FISH detection of translocation of ETV1 to chromosome 14(q13.3–21.1). Top: Interphase nuclei are hybridised to probes that detect sequences immediately 3′ to the ETV1 gene on chromosome 7 (probe I, red) and a green probe (probe V) consisting of six BACS spanning the 14q13.3–21.1 region. (A). Red and green signals are normally separated. (B) Co-localisation of red and green probes indicate juxtaposition of chr 7 ETV1 sequences with chr 14 (q 13.3–21.1). The lower panel shows the position of the BACs used for probe V: C1 (RP11-945C4), C2 (RP11-381L10), C3 (RP11-666J24), C4 (RP11-796F21), C5 (RP11-588D7), C6 (RP11-107E23) labelled with FITC. The relative position and direction of transcription of genes are indicated by the arrows.

Figure 3

ACSL3:ETV1 fusion. (A) ACSL3 (red) and ETV1 (blue) transcripts with ORFs in dark colour. Exons are numbered.
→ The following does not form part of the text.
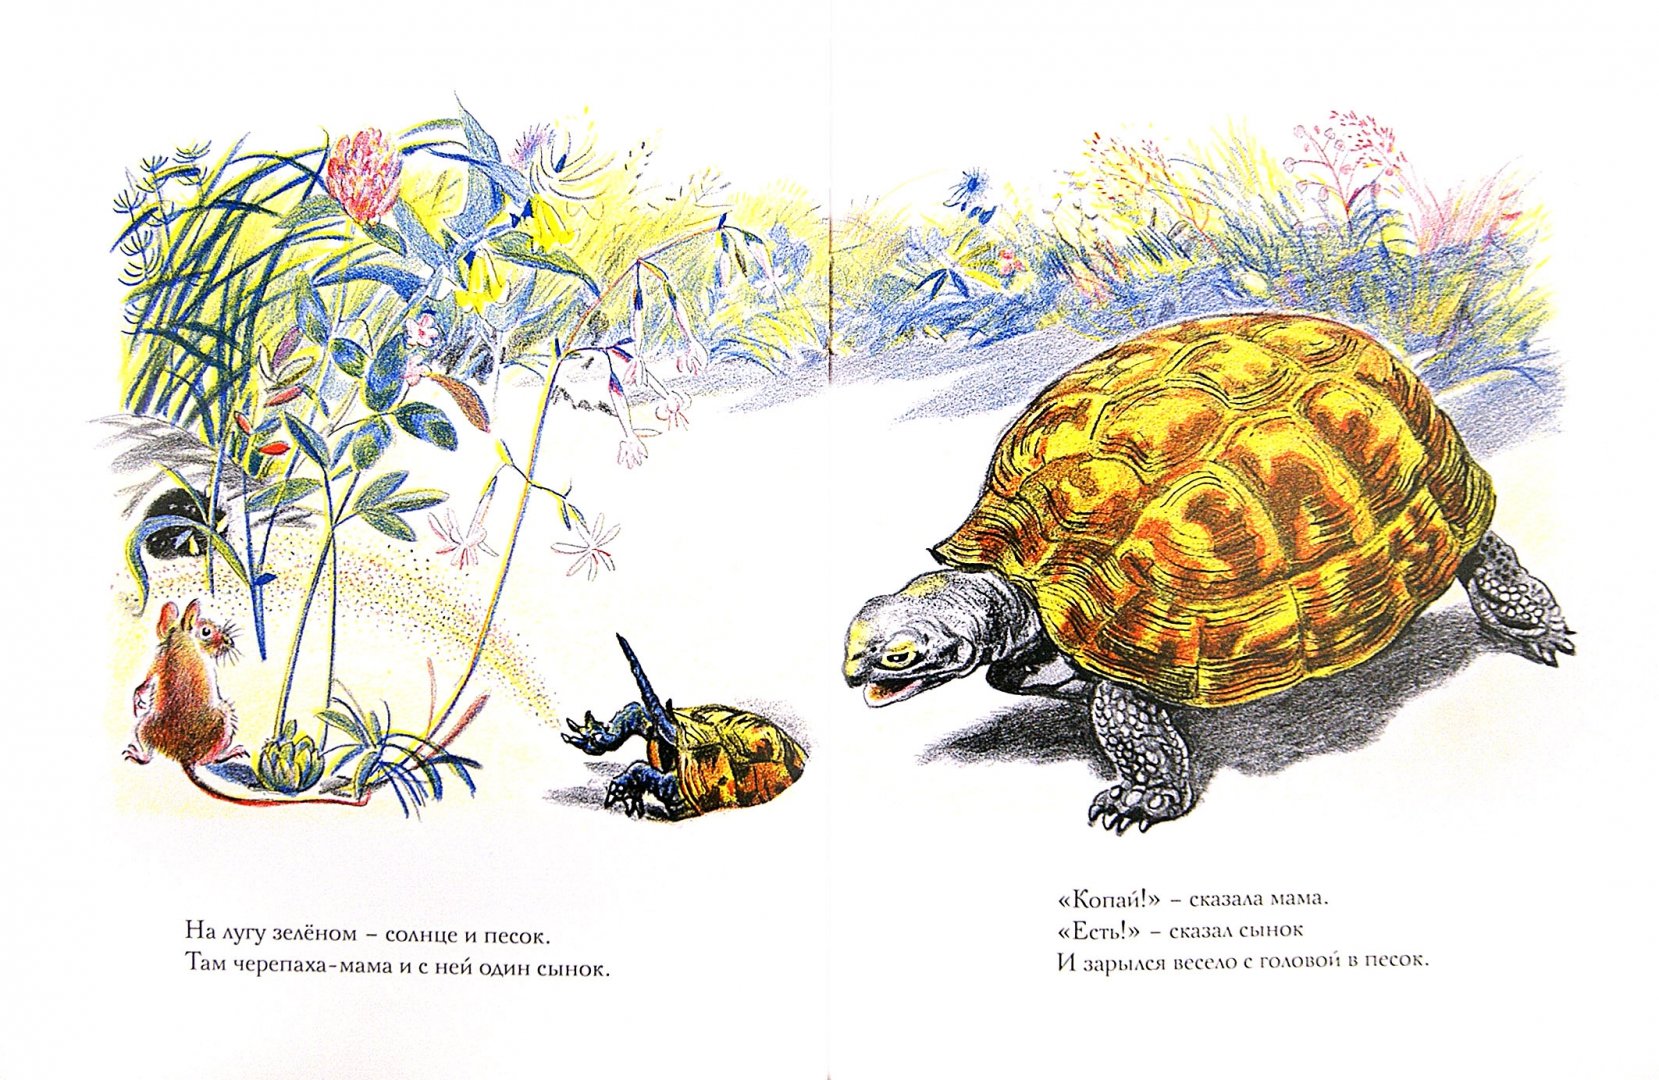 Читай про черепаху. Л Н толстой черепаха. Лев Николаевич толстой черепаха. Рассказ черепаха толстой. Иллюстрация к рассказу черепаха толстой.

A fusion transcript of ACSL3 exon 3 fused to ETV1 exon 6 was detected by 5′-RACE from exon 6 ETV1 sequences in prostate cancer sample 23. The ORF shown was predicted using software at www.dnalc.org. (B) Sequence across the ACSL3:ETV1 fusion boundary. Underlined regions indicate the position of primers used in RT–PCR to confirm the fusion. The predicted fusion gene initiation codon is indicated in red. ACSL3 sequence is in lower case and ETV1 sequence in upper case. (C) RT–PCR detection of an ACSL3:ETV1 fusion transcript in RNA extracted from formalin-fixed paraffin-embedded prostate cancer samples: lanes 1–12 are ETV1-rearranged tumour samples, lane 12: tumour sample 23, lane 13 negative control. (D) FISH assays to confirm fusion of ACSL3 with ETV1. Panel i: The ETV1 break-apart assay utilises probes corresponding to 3′-ETV1 sequences (red) and 5′-ETV1 sequences (green) (see also Figure 1). A nucleus with separated red and green probes confirming rearrangement of ETV1 is shown. Panel ii: The ACSL3 break-apart assay hybridised the same TMA slice used in the ETV1 break-apart assay to 3′-ACSL3 sequences (red) and 5′-ACSL3 sequences (green). These signals are coincident in the wild type, but are split on translocation of ACSL3. Comparison of the images in panels i and ii indicates co-localisation of 3′-ETV1 with 5′-ACSL3 and co-localisation of 5′-ETV1 and 3′-ACSL3. This is confirmed by ETV1-ACSL3 co-localisation assays (panel iii) demonstrating co-localisation of 3′-ETV1 sequences (red) and 5′-ACSL3 sequences (green) and (panel iv) demonstrating co-localisation of 3′-ACSL3 sequences and 5′-ETV1 sequences (red) in the same cell. Superimposition of the images in panels iii and iv confirms co-localisation of wild-type 3′-ETV1 (panel iii) with 5′-ETV1 (panel iv) and of wild-type 3′-ACSL3 (panel iv) with 5′-ACSL3 (panel iii). The genes and their direction of transcription are indicated by the arrowheads. (E) Map of the ACSL3 gene showing the position of the BACs used as probes in FISH assays. Probe XV: A1 (RP11-157M20) labelled with FITC. Probe XIV: A2 (RP11-136M23) and A3 (RP11-749C15) labelled with Cy3. Probes XV and probes XIV correspond, respectively, to sequences immediately 5′ (green) and 3′ (red) to the ACSL3 gene. Direction of gene transcription indicated by arrowheads.